Maximal Extension Chain of Halfgroupoids

Question

A book I am reading gives the following definitions:

A collection $\{L_i:i=0,1,2,...\}$ of halfgroupoids $L_i$ is called an extension chain if $L_{i+1}$ is an extension of $L_i$ for each $i$. If $G$ is a subhalfgroupoid of the halfgroupoid $H$, the maximal extension chain of $G$ in $H$ is defined as follows: $G_0 = G$ and, for each nonnegative integer $i$, (a) $G_i$ is a subhalfgroupoid of $H$; (b) $G_{i+1}$ is an extension of $G_i$; (c) if $x, y \in G_i$ and if $xy=z$ in $H$, then $xy=z$ in $G_{i+1}$. The halfgroupoid $K=\bigcup_{i=0}^\infty G_i$ may be characterized as follows: (i) G is a subhalfgroupoid of K; (ii) K is a closed subhalfgroupoid of H; (iii) if $G$ is a subhalfgroupoid of the closed subhalfgroupoid $L$ of $H$, then $K$ is a subhalfgroupoid of $L$. We call $K$ the subhalfgroupoid of $H$ generated by G. In particular, $G$ generates $H$ if $K=H$.

I am confused about (iii) of the chacterizing properties of $K$. If we generate the halfgroupoid $K$ from the maximal extension chain of $G$ in $H$, shouldn't any closed subhalfgroupoid $L$ of $H$ that has $G$ as a subhalfgroupoid be itself a subhalfgroupoid of $K$, rather than the other way around?

Answer 1

My intuition that the maximal extension chain of $G$ in $H$ should result in a 'maximal' subhalfgroupoid $K$ in $H$ is understandable.

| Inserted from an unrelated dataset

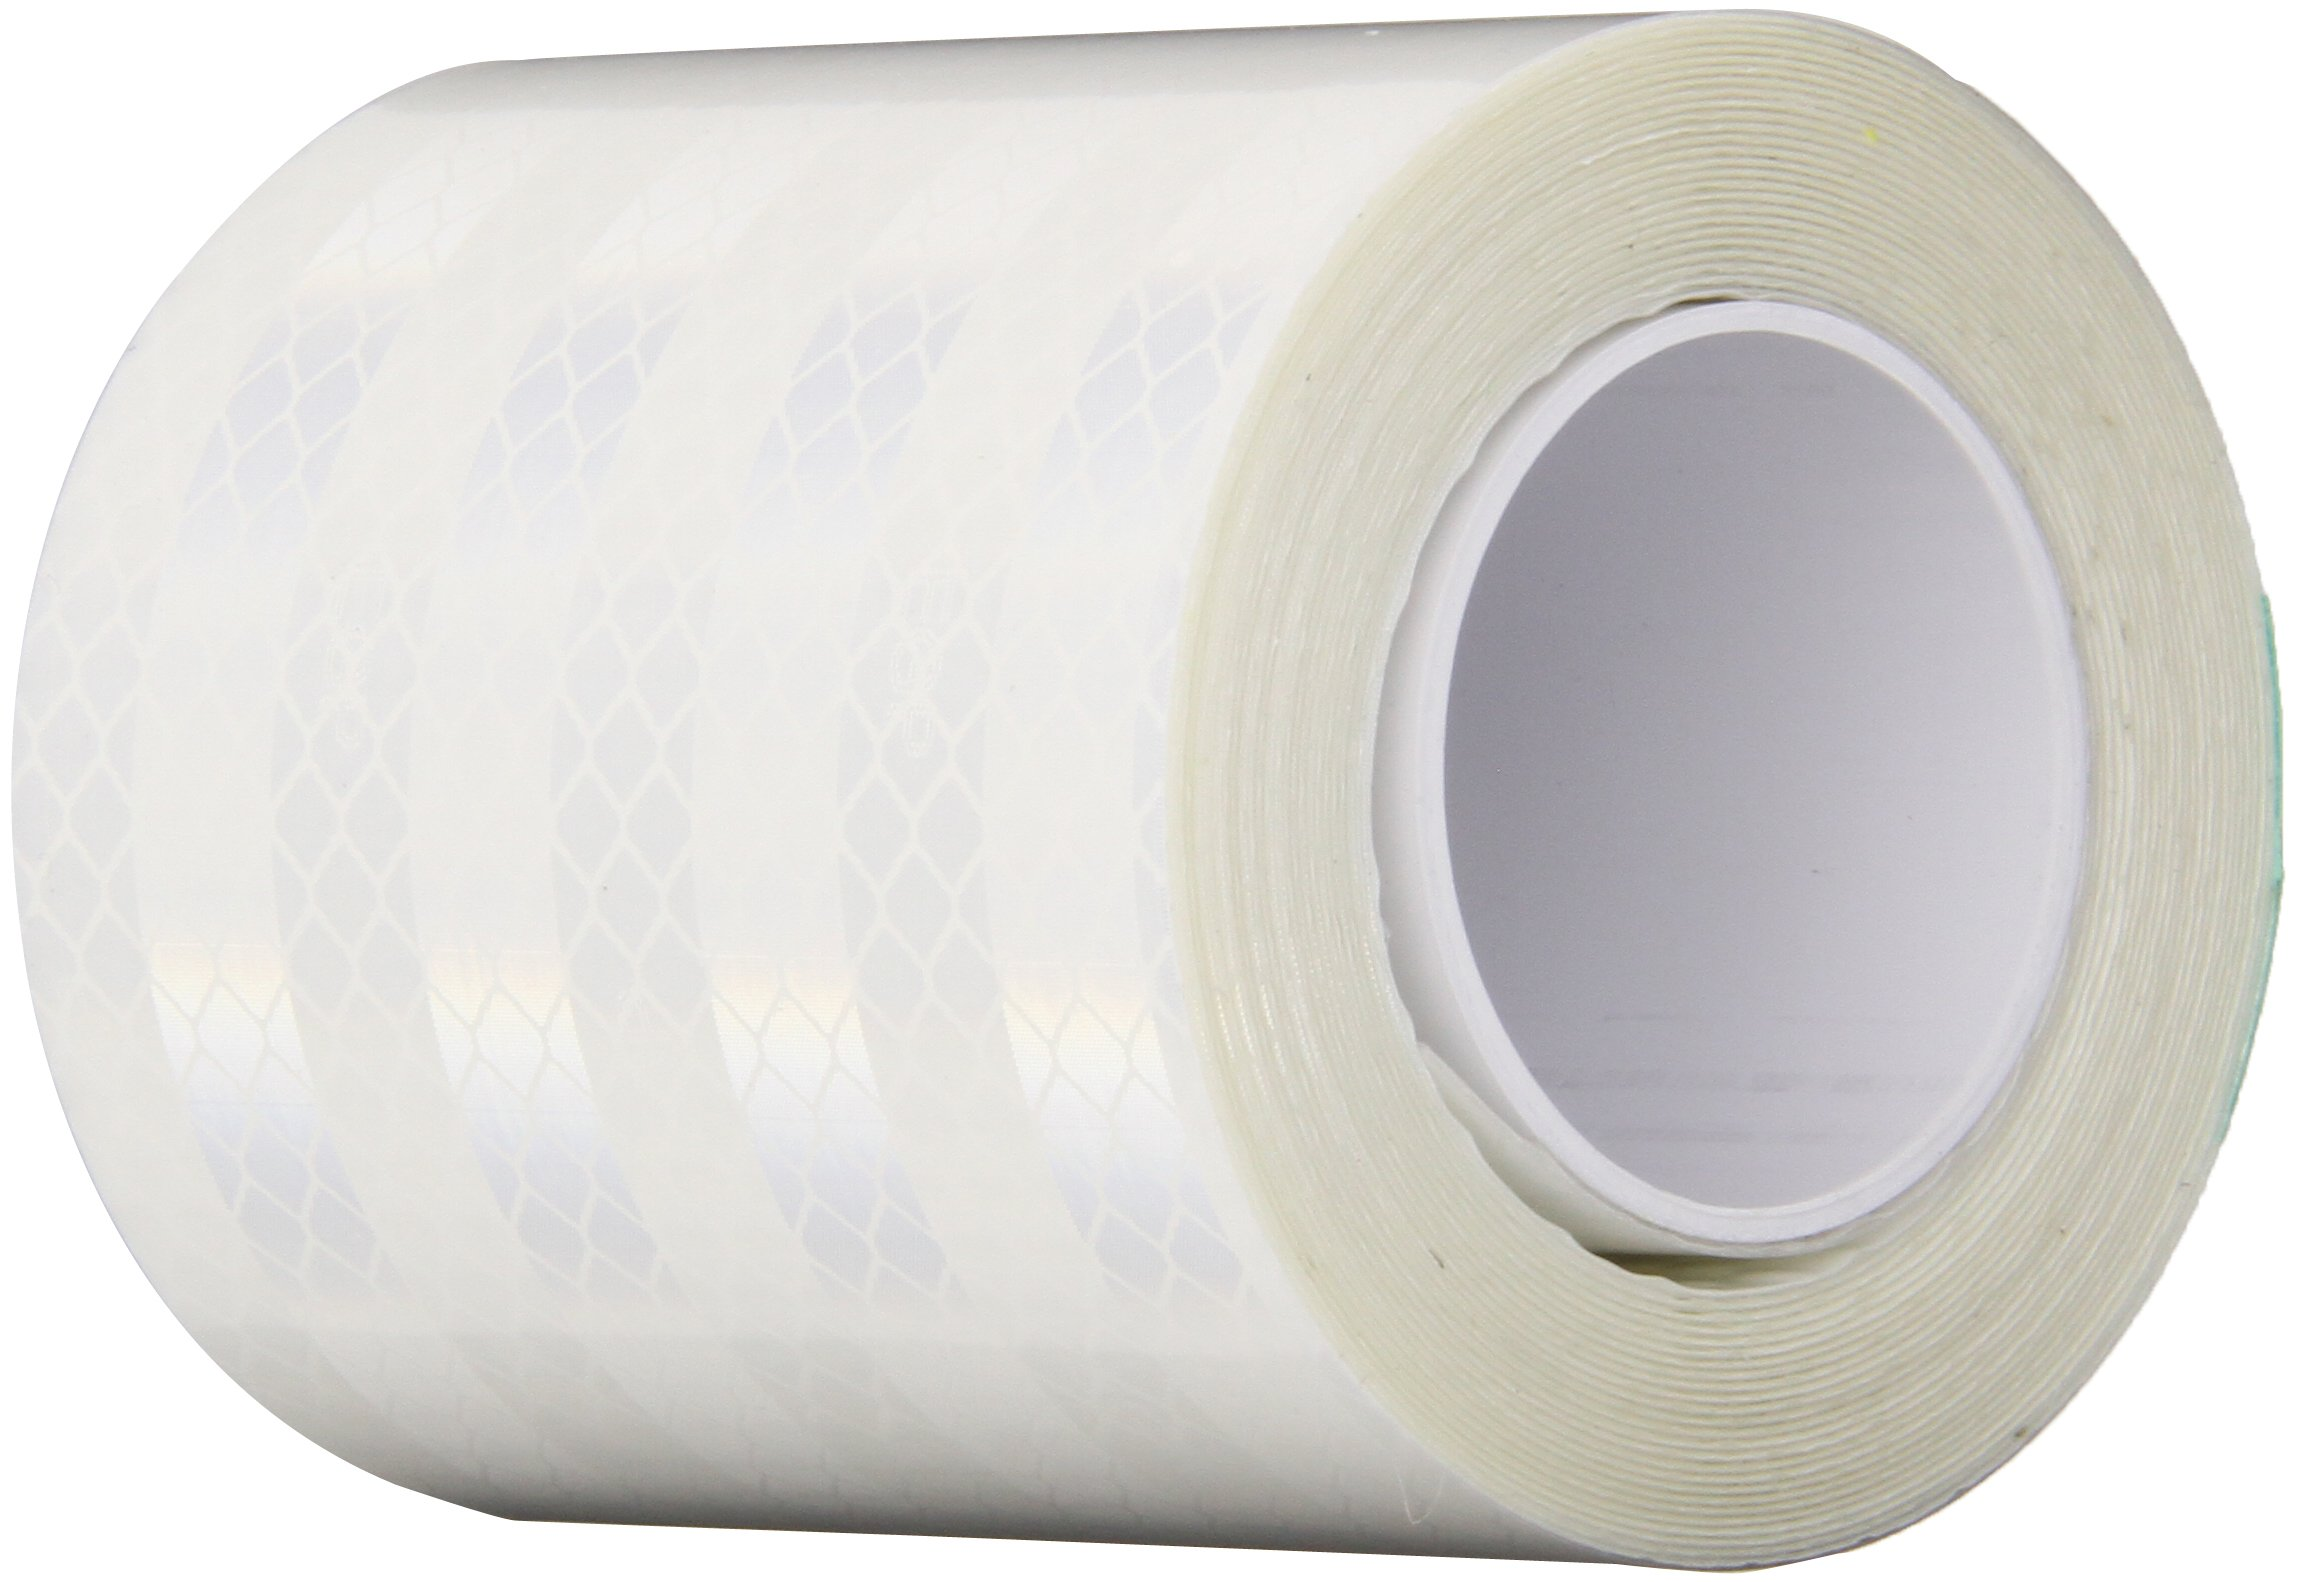 "3M 3290 White Reflective Tape, 3"" width x 5yd"

The key to my misunderstanding is an accidental omission in the properties of the latter object - it is a 'maximal' subhalfgroupoid in $H$ generated by $G$. The definition of $L$ as closed in $H$, along with the fact that $G$ is a subhalfgroupoid of $L$, essentially generates K as a subhalfgroupoid of $L$. Observe that because $L$ is closed in $H$: $$\{(a,b \in G), \ (c \notin G), \ ((a,b)\alpha_H=c)\} \rightarrow a,b \in L \rightarrow \{(a,b)\alpha_L = c), (c \in L)\}$$

Thus we see that the definition of L 'self-recurses' in the same manner as the chain:

$$\{(c \in L), \ (x \in G \vee L), ((c, x)\alpha_H = d) \} \rightarrow \{ (c,x)\alpha_L = d), (d \in L)\}$$

Therefore the subhalfgroupoid generated by $G$ in $H$, $K$, is a subhalfgroupoid of any closed subhalfgroupoid $L$ of $H$.

tldr: $L$ will generally have $K$ as just one of its many maximally generated subhalfgroupoids.